CARL JUNCTION, Mo. —
After 120 years, Carl Junction once again has a mammoth skeleton.
OK, so the one on display at the Community Center is made of foam. But it is representative, said its creator, Marv Dahmen, of the mammoth fossils found in a mine on land belonging to Carl Junction businessman Silas A. Stuckey in 1892.
Other mammoth fossils have been found in every county in Missouri, Dahmen said, as it was here the enormous Ice Age beasts wound up. They were pushed south by mile-thick glaciers from the upper reaches of Canada.
According to historical reports, the fossilized remains of two adult and two infant extinct species, Elephas Americanus, were discovered at the 20-foot level of Stuckey’s mine on the south end of Carl Junction.
In 1893, the fossils would be taken to the University of St. Louis where they were cleaned and assembled, then on to the Columbian Exposition of the Chicago World’s Fair where one was reputed to be one of the largest ever found.
Dubbed the “Columbian mammoths,” their discovery was made at the cusp of several significant dinosaur fossil discoveries in Utah and Colorado. Those discoveries led to a national craze with all things prehistoric.
What happened to the mammoth skeletons is a mystery, said Dahmen, a retired Carl Junction art teacher of 26 years who also has nurtured a lifelong passion for rocks, minerals and mining.
He speculated the craze for fossils may have led to their sale by Stuckey, perhaps netting him as much as $100,000 — or about $900,000 in today’s currency.

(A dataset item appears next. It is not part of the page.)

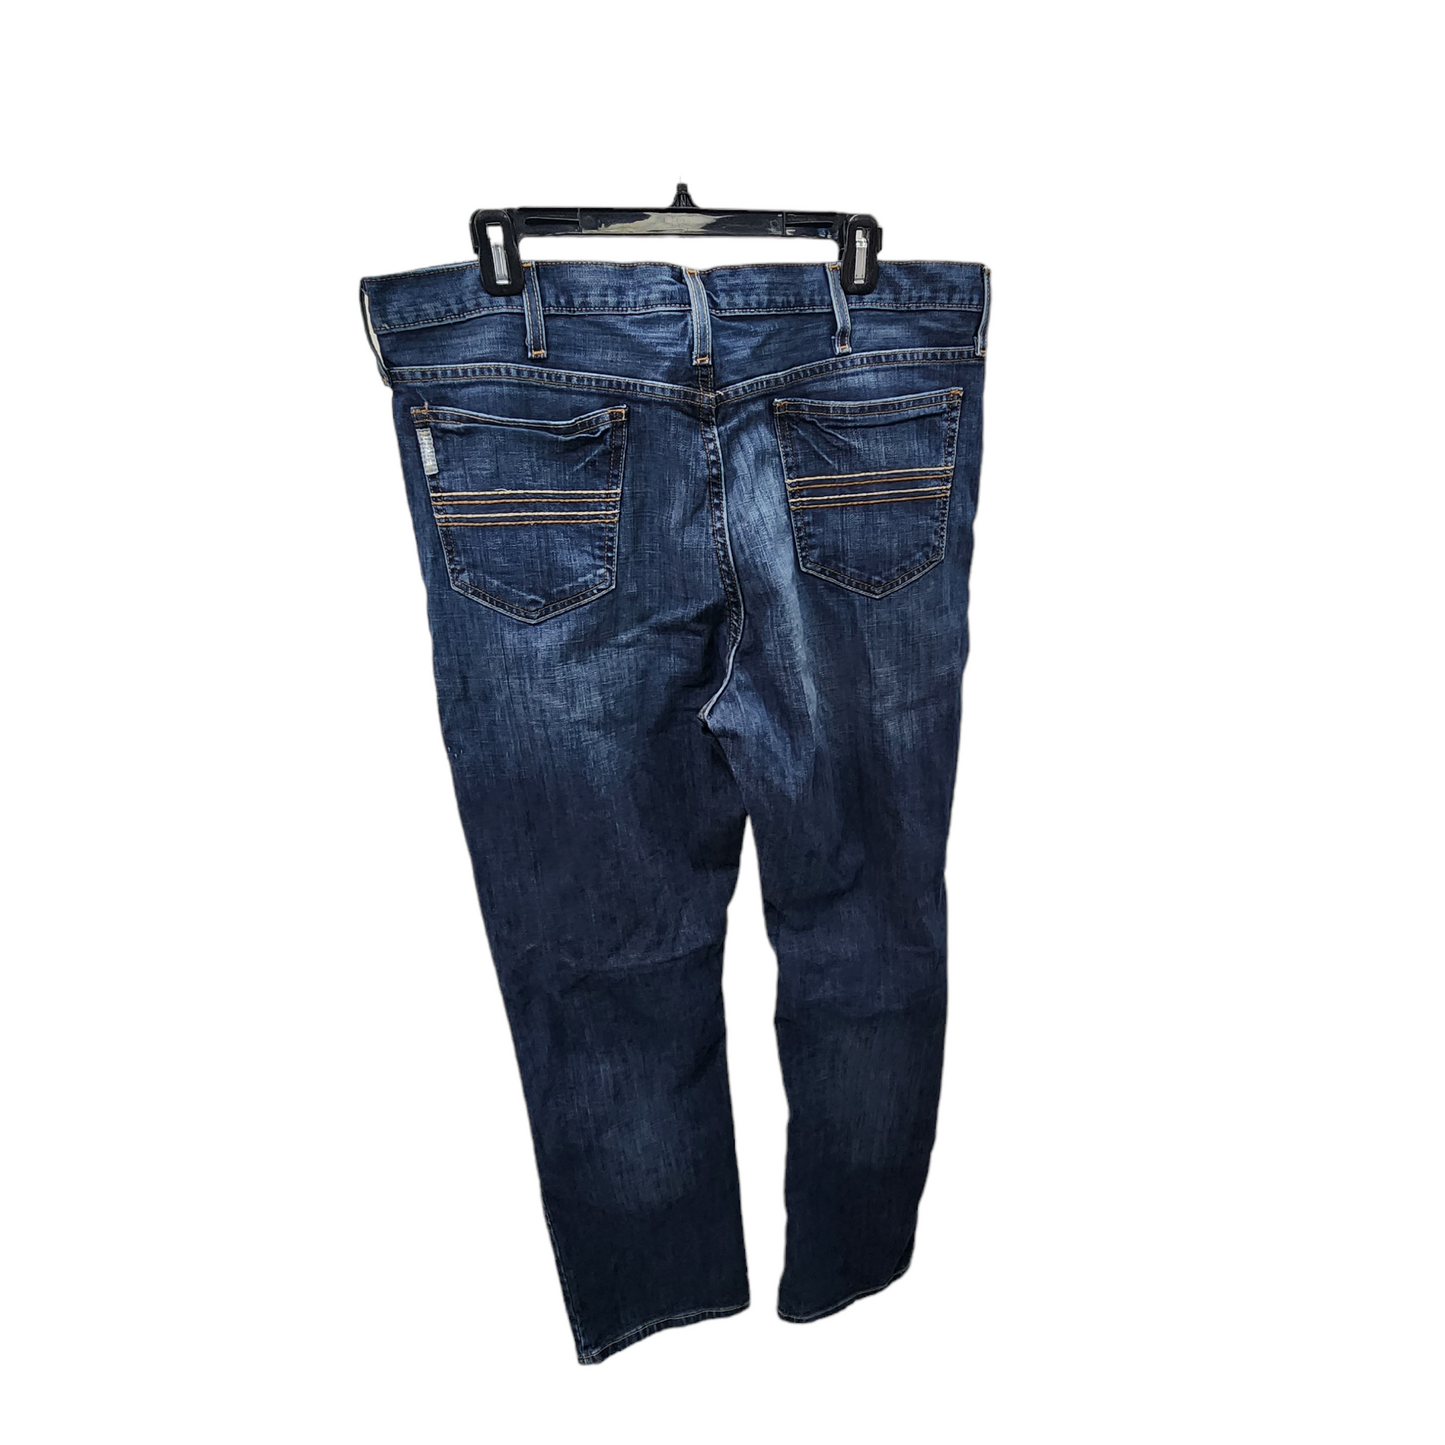 Cinch Straight Leg Western Men's Jeans Dark Washed - Men's 36 x 32

“He owned a hardware store on a dirt street,” said Dahmen. “Is it possible he sold them? Maybe. If they went to a private collection, the trail would have been lost. But museums are careful; they want bones and they want the story.”
Regardless, Dahmen doesn’t believe they are in the U.S., speculating that they instead wound up in Europe and won’t be back to Carl Junction anytime in the foreseeable future.
Gary Stubblefield, president of the Carl Junction Chamber of Commerce, had been hoping against hope that one day those mammoth bones would make their way home and perhaps serve as a catalyst to create an historical museum.
Last year, the community began an Historical Preservation Committee, so when Stubblefield learned of Dahmen’s mammoth replica, he was eager to offer it a home.
Dahmen created the 13-foot, life-size sculpture years ago to display at an exhibit at the George A. Spiva Center of the Arts. To create it, he purchased a child’s model mammoth kit at the hobby store and photographed each piece. He then projected the images onto a 13- by 26-foot piece of paper, and traced the outlines of every bone onto pieces of foam.
After cutting them out with an electric knife, he used a wire wheel grinder to sculpt them, then assembled them on welded steel tubing.
Since then, the mammoth has made outings to the Joplin Holiday Inn, a grocery store and even a parade, but in recent history has made its home in storage at the Community Bank & Trust.
Stubblefield hopes it spurs interest in both the history of Carl Junction and the Historic Preservation Committee. A group of fourth-graders will be the mammoth’s first official field trip visitors.
“I’m excited,” said Stubblefield. “This will help tell our story.”
Also on display at the Community Center is a display of mammoth bone fossils, minerals and mining artifacts from Dahmen’s personal collection.